药物处理下的基因表达差异分析数据集_Drug_Treatment_Gene_Expression_Differential_Analysis
数据来源:互联网公开数据
标签:基因表达, 药物处理, 差异表达, 单细胞测序, 细胞类型, 基因组学, 生物信息学, 机器学习
数据概述:
该数据集包含药物处理后的基因表达差异分析结果,主要用于研究药物对不同细胞类型的基因表达影响。主要特征如下:
时间跨度:数据未明确标注时间范围,通常被视为一次实验或研究的快照。
地理范围:数据未限定地理范围,数据来源于细胞培养实验。
数据维度:数据集包含多个关键维度,包括:
gene:基因名称。
logFC:对数倍数变化,表示基因表达的变化程度。
AveExpr:平均表达水平。
t:t统计量。
P.Value:p值,表示统计显著性。
adj.P.Val:校正后的p值,用于多重比较校正。
B:B统计量。
Rpert:重复实验指标。
sm_name:药物名称。
sm_lincs_id:药物的LINCS ID。
SMILES:药物的SMILES结构式。
dose_uM:药物浓度(微摩尔)。
timepoint_hr:处理时间(小时)。
cell_type:细胞类型。
sign_log10_pval:显著性指标。
is_de:是否差异表达。
is_de_adj:校正后是否差异表达。
数据格式:数据集包含CSV、Parquet和H5AD三种格式。
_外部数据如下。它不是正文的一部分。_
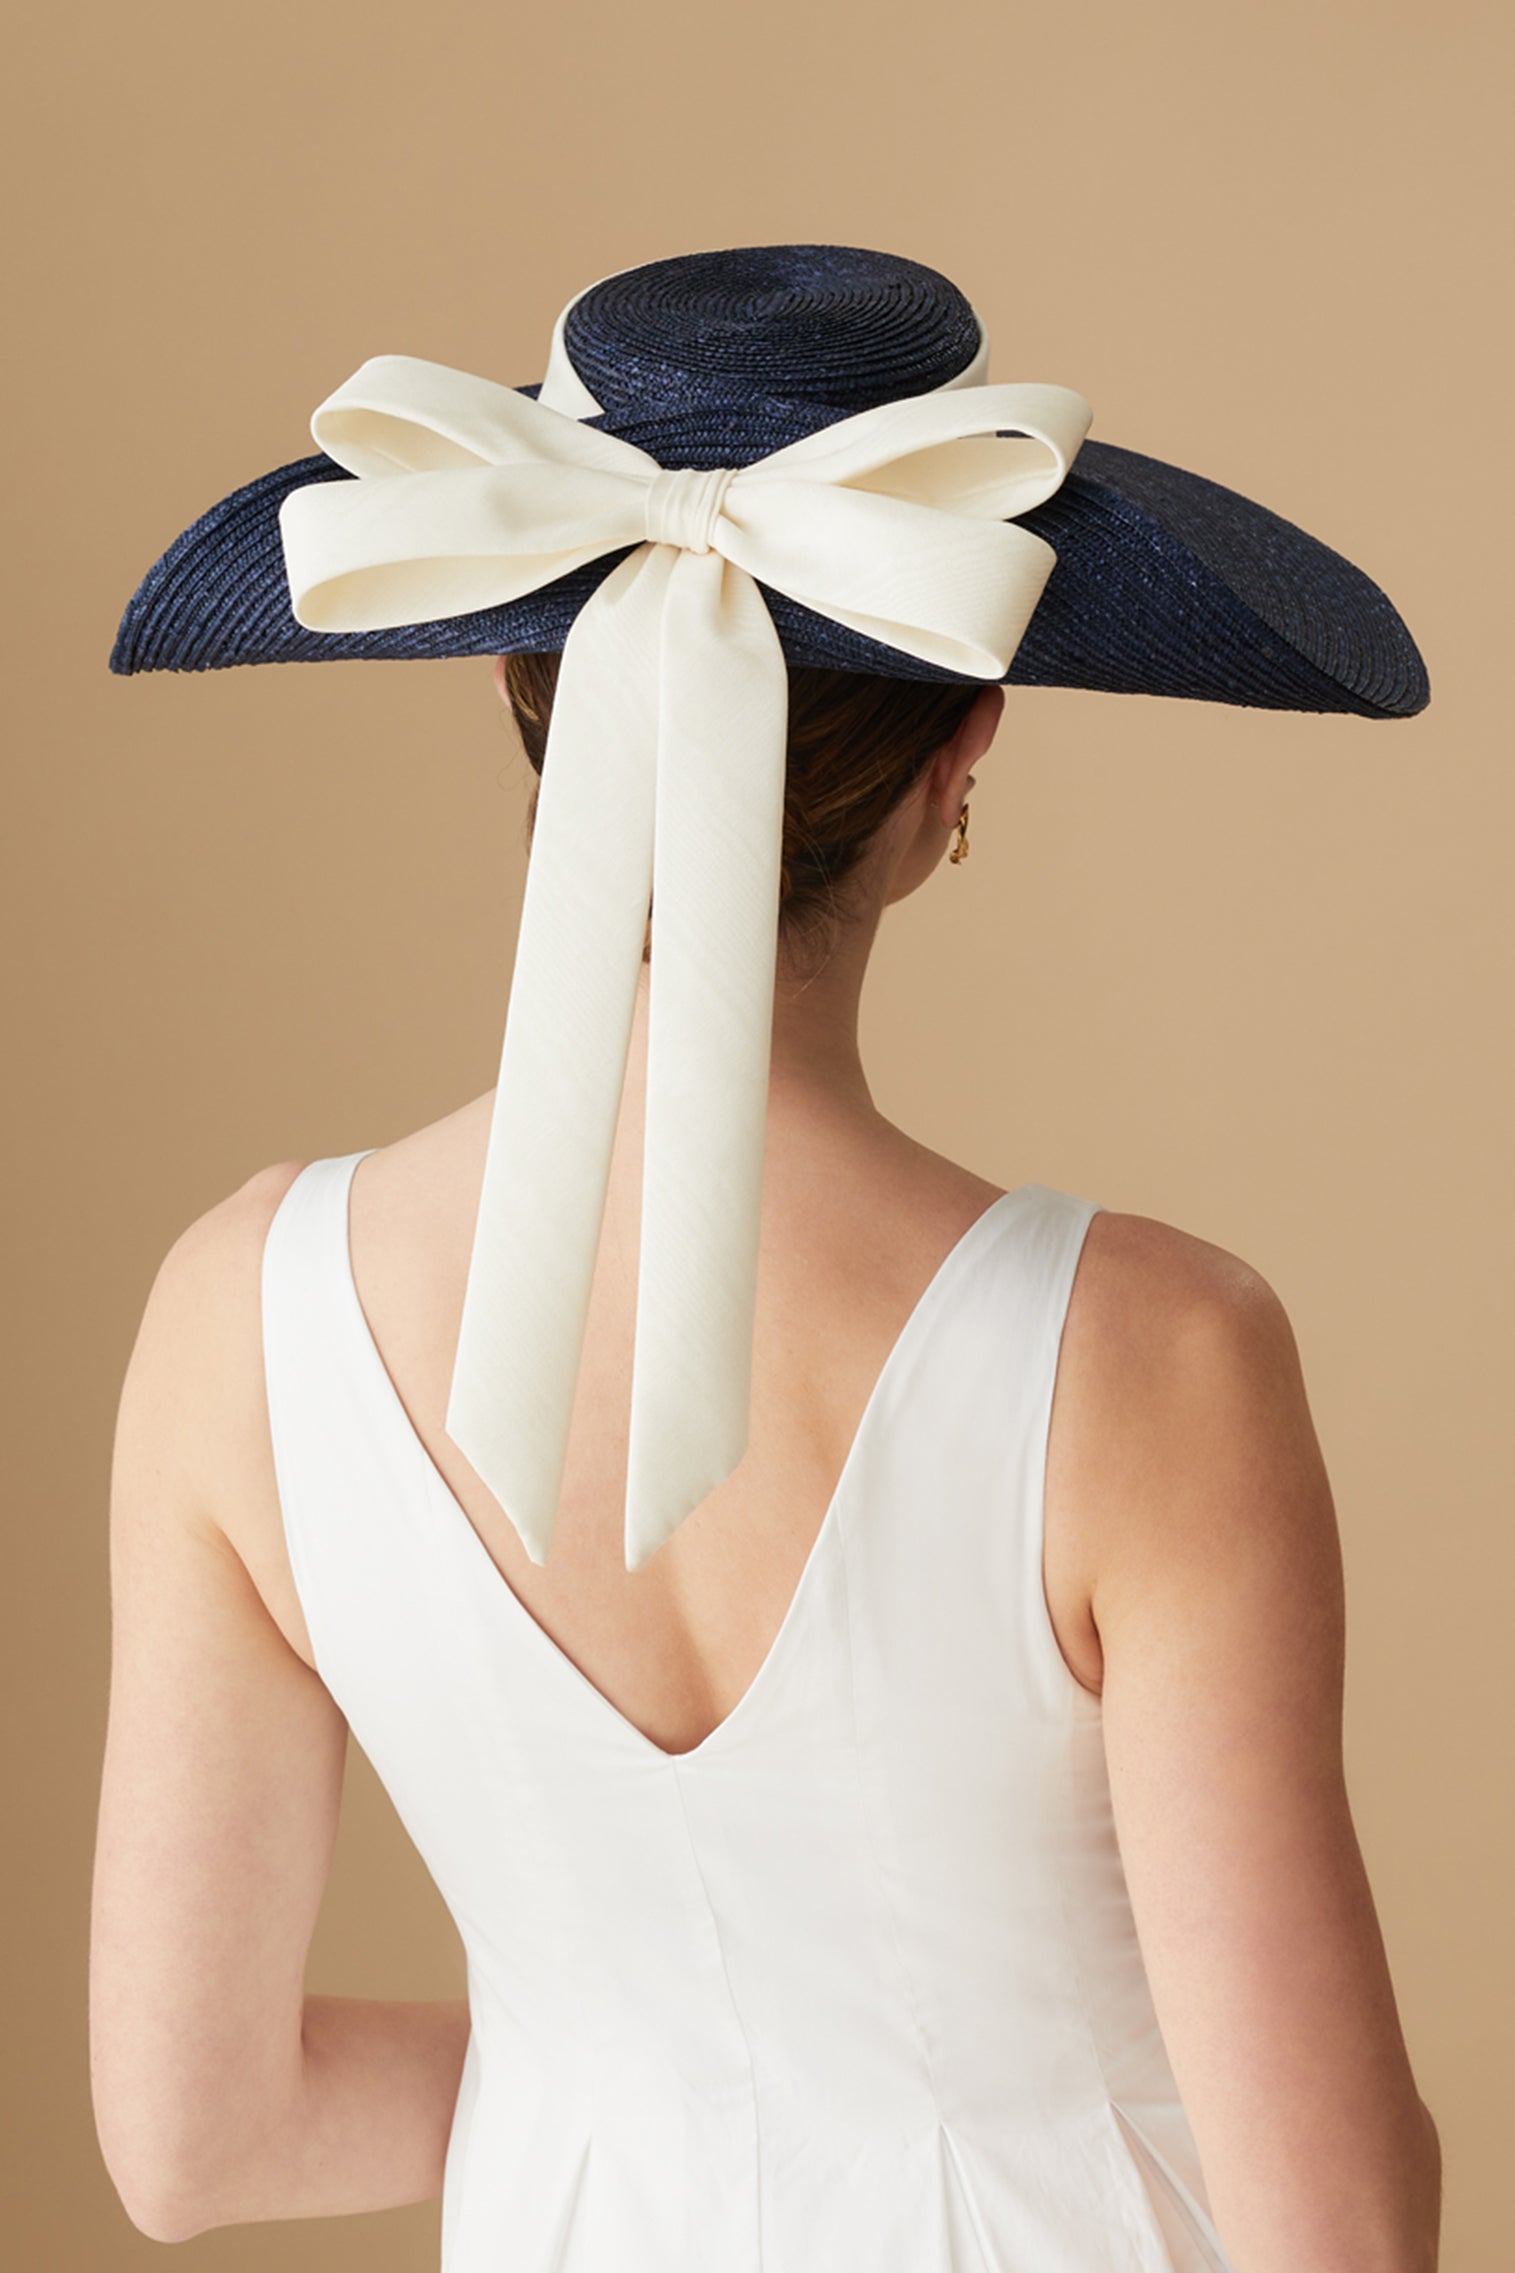 Lady Grey Navy Wide Brim Hat -  - Lock & Co. Hatters London UK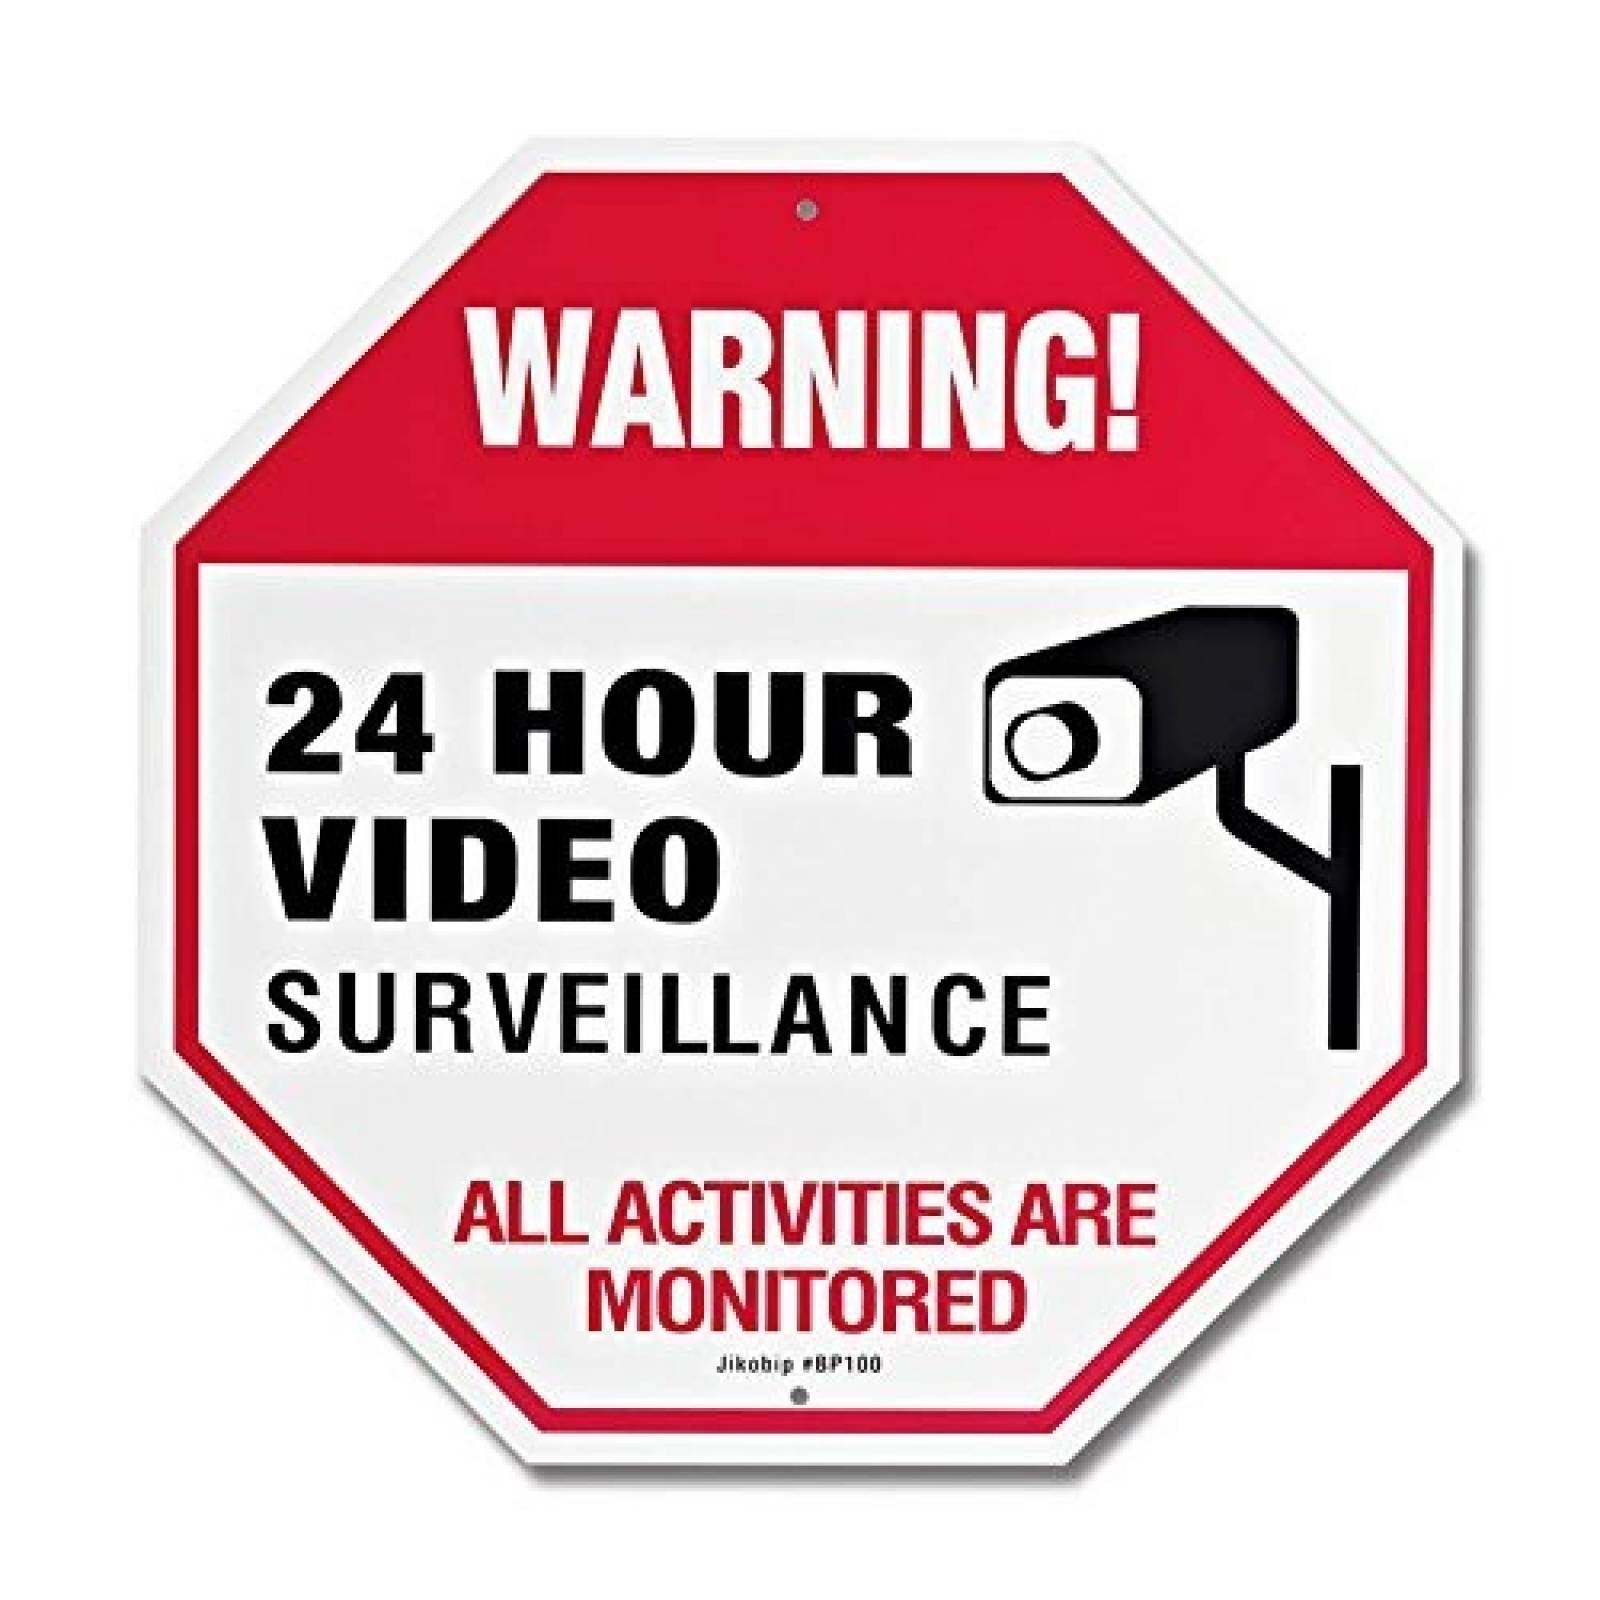 Señal de vigilancia jikobip 12 x 12" de vídeo impresión UV

其中,de_df.csv文件以CSV格式提供,记录了差异表达分析的结果,lincs_id_compound_mapping.parquet文件以Parquet格式存储,train_or_control_bulk_by_cell_type_adata.h5ad文件以H5AD格式存储,用于单细胞数据。
数据用途概述:
该数据集具有广泛的应用潜力,特别适用于以下场景:
研究与分析:适用于药物基因组学、细胞生物学和生物信息学等领域的研究,如药物作用机制研究、基因功能分析、细胞信号通路分析等。
行业应用:可以为药物研发、靶点发现和个性化医疗提供数据支持,尤其在药物筛选、疗效预测和药物组合优化方面。
决策支持:支持药物研发项目的决策制定,帮助研究人员了解药物对基因表达的影响,并预测药物的潜在疗效。
教育和培训:作为生物信息学、基因组学和药物研发等课程的辅助材料,帮助学生和研究人员深入理解基因表达调控和药物作用机制。
此数据集特别适合用于探索药物处理对基因表达的影响,分析不同细胞类型对药物的响应差异,以及构建预测药物疗效的模型,从而加速药物研发进程。